■ REQUIRED ACTION:
Write out the data below in full, unchanged, minus the images.

■ THE DATA:
[Start of section]

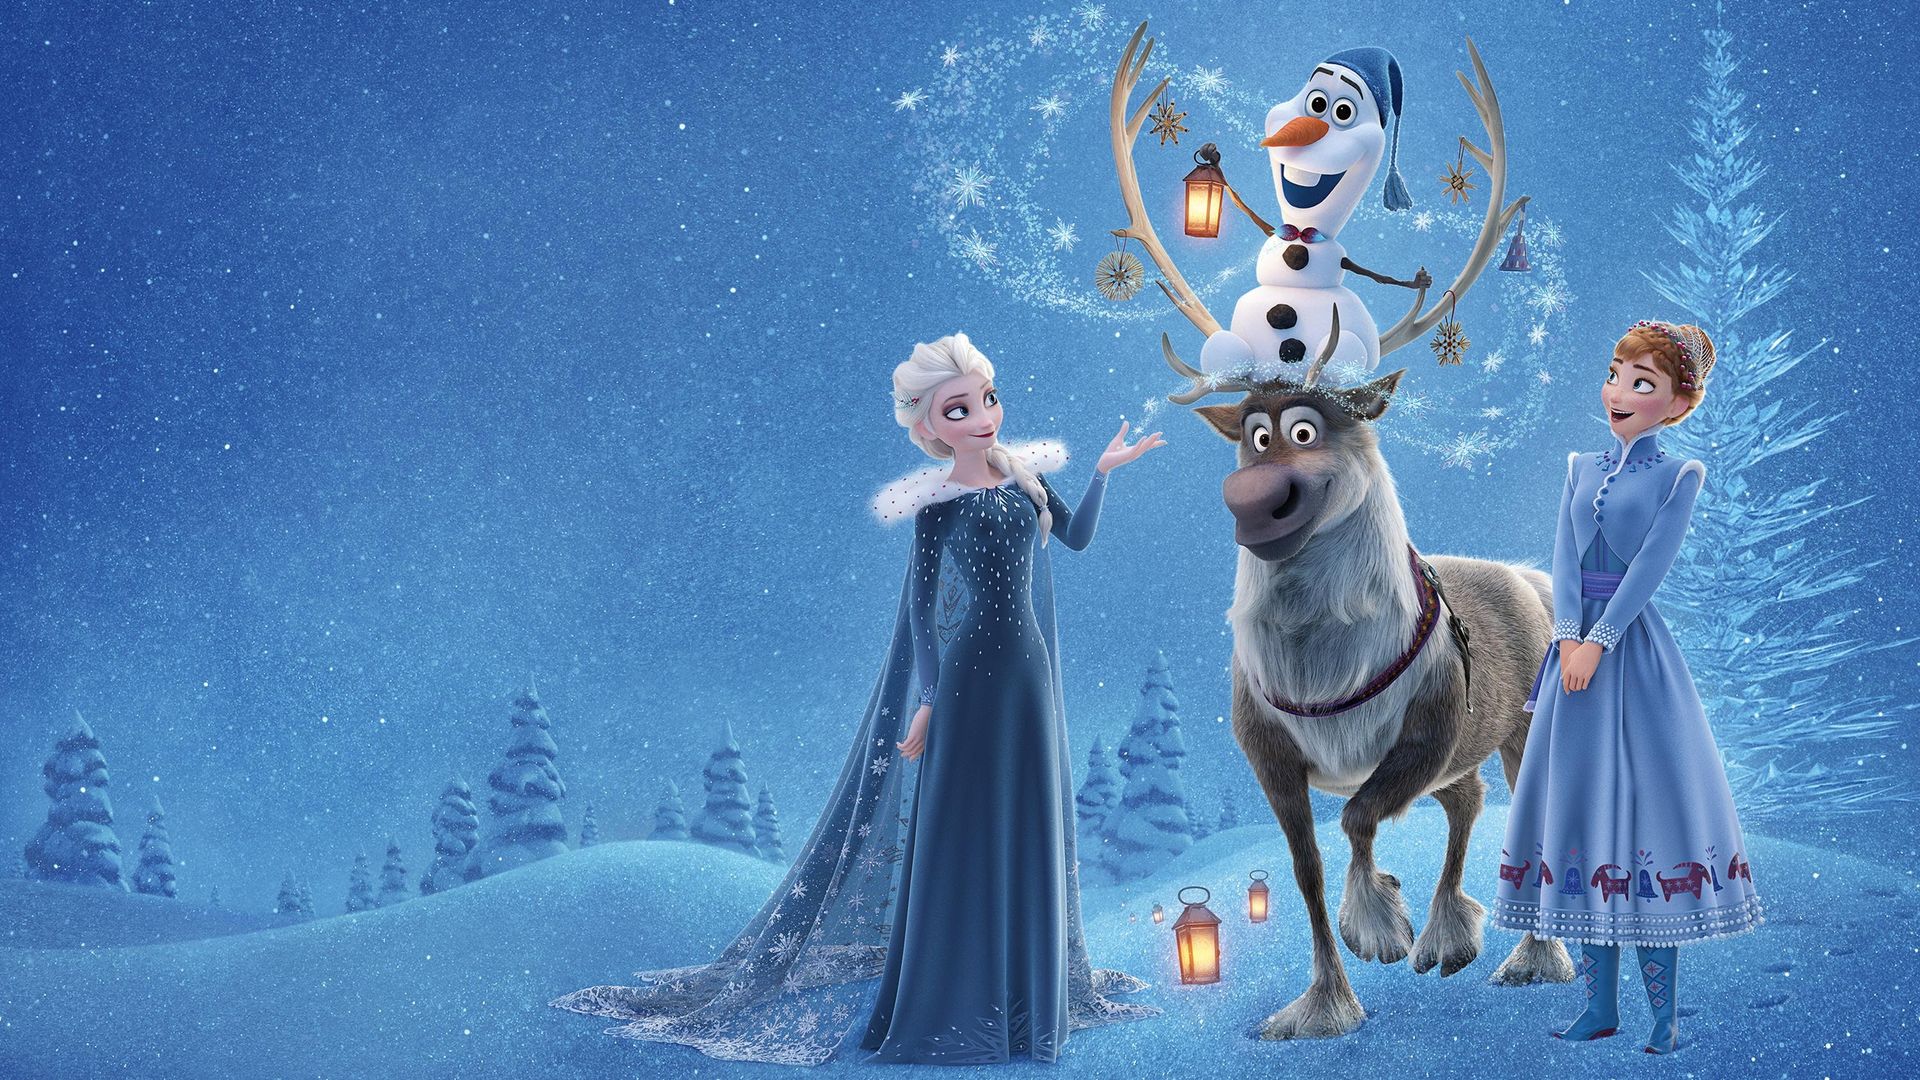 Olaf's Frozen Adventure Backdrop
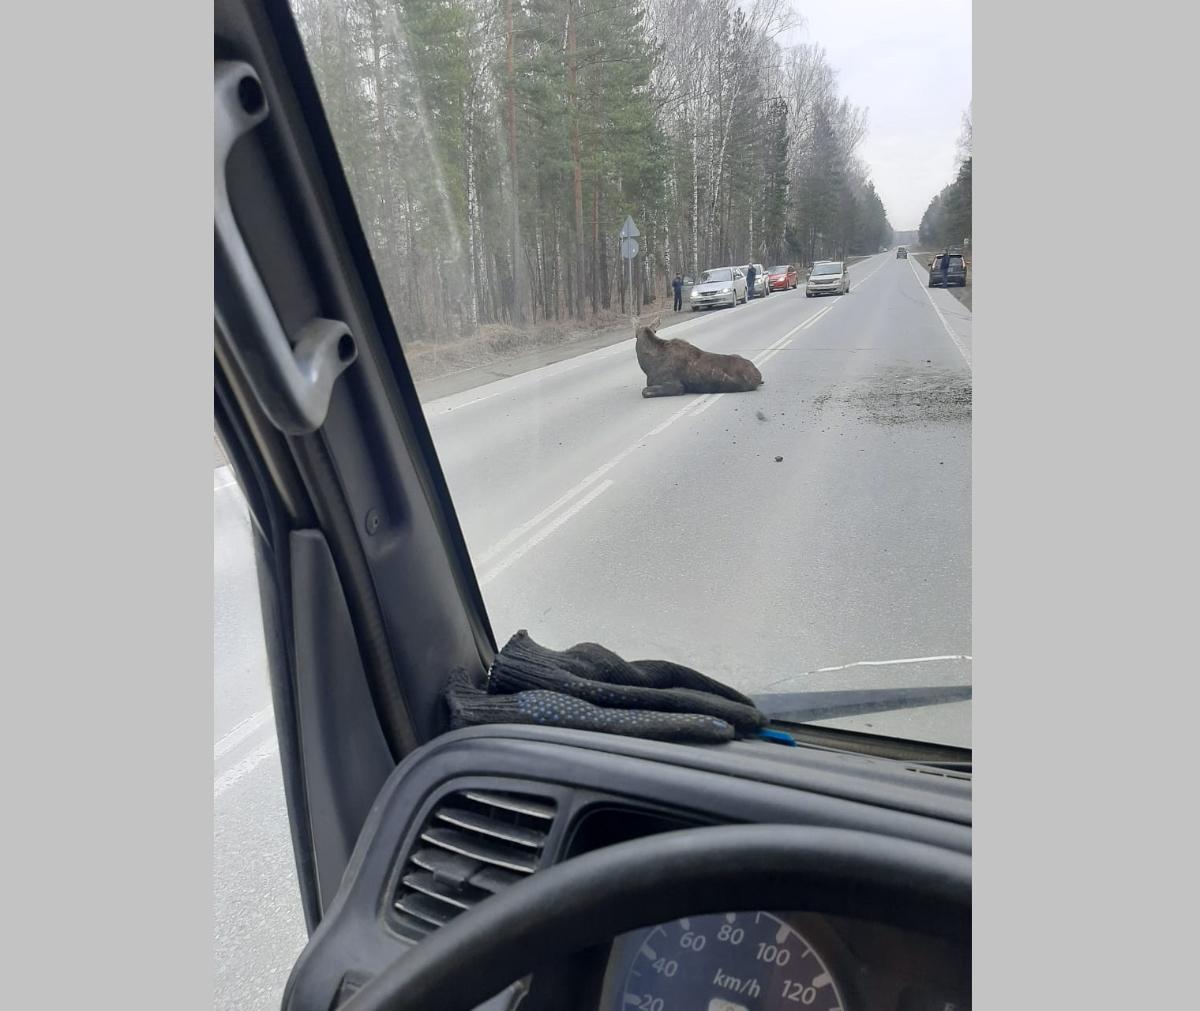 Лося насмерть сбили на трассе под Новосибирском
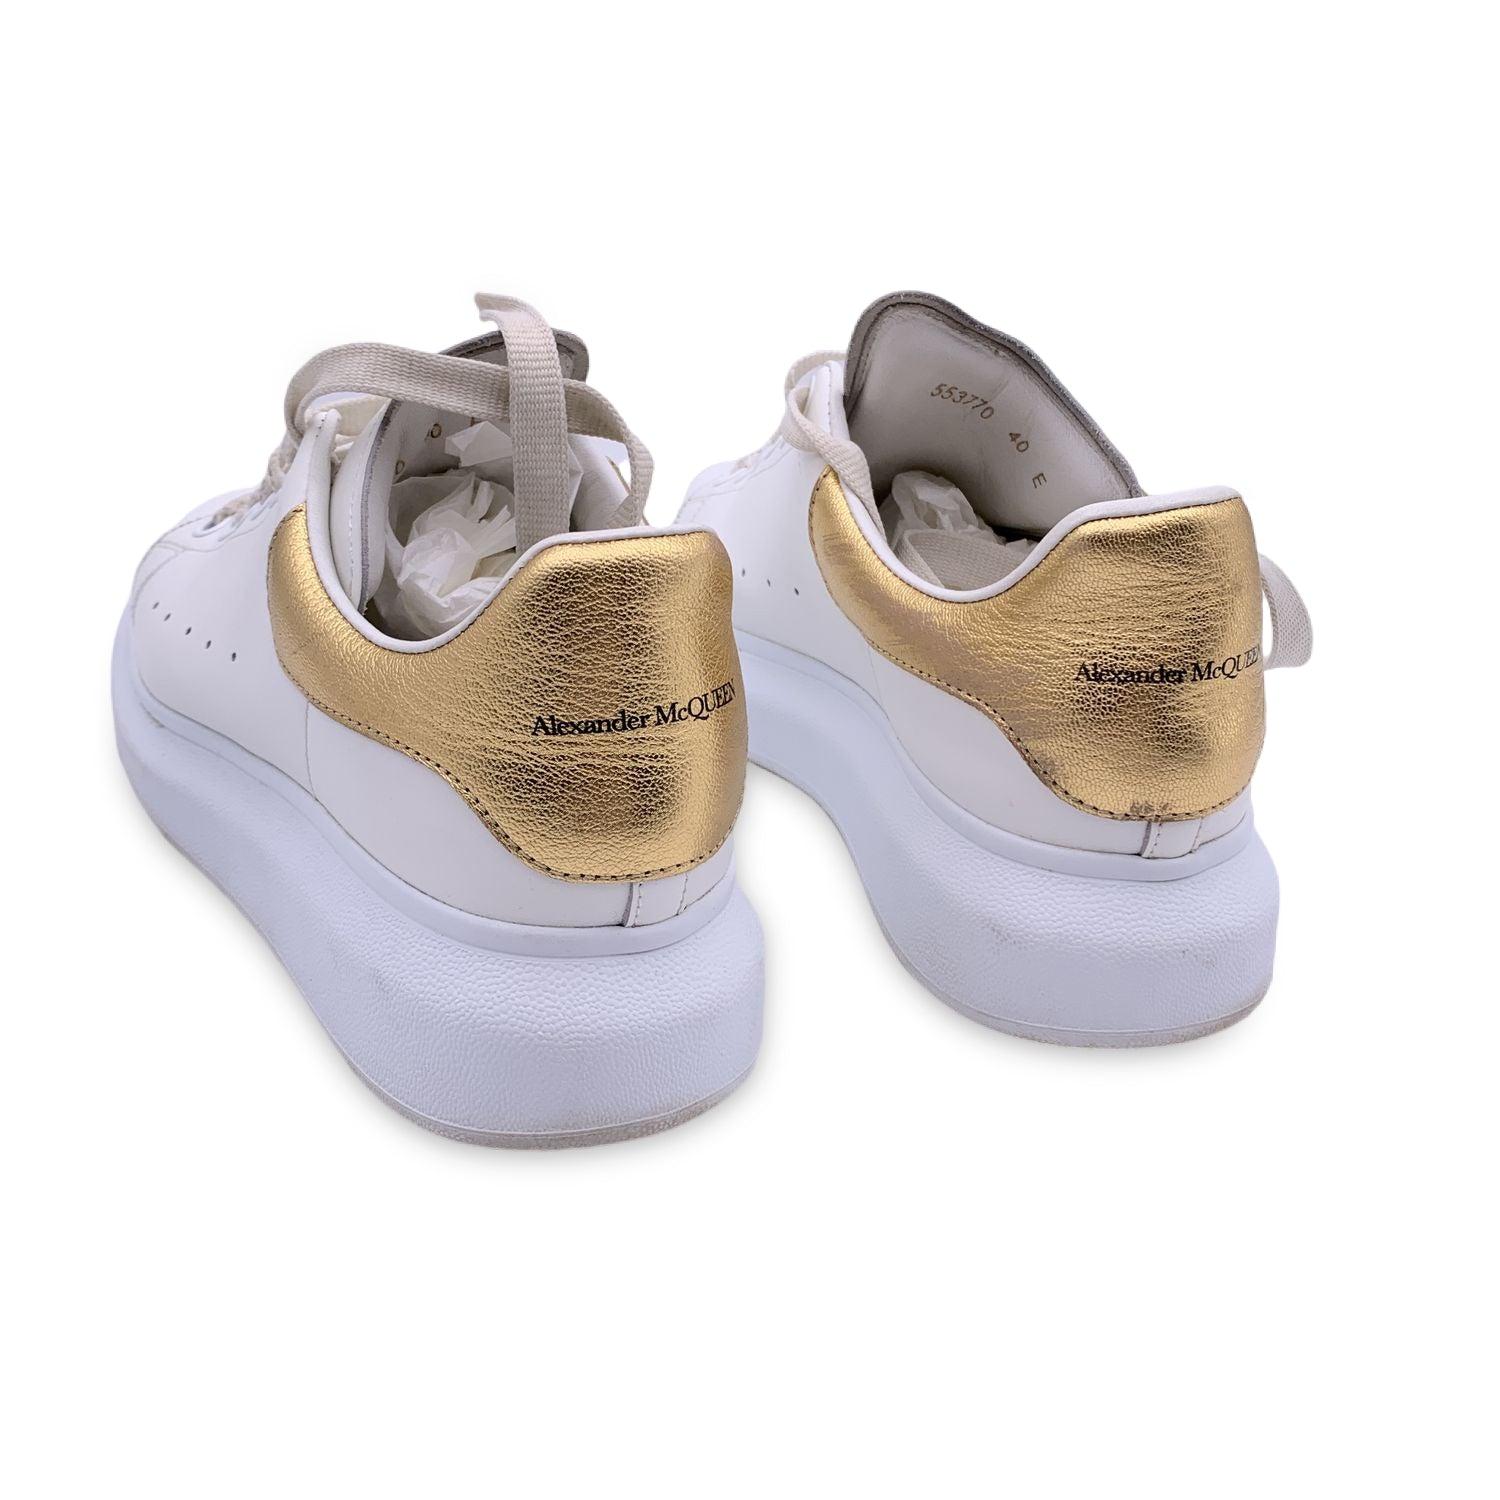 Alexander McQueen - Chaussures de sport à lacets, or blanc, taille 40 Excellent état à Rome, Rome

[End of section]

■ EXERCISE OUTPUT:
 Olaf's Frozen Adventure Backdrop
 Лося насмерть сбили на трассе под Новосибирском
 Alexander McQueen - Chaussures de sport à lacets, or blanc, taille 40 Excellent état à Rome, Rome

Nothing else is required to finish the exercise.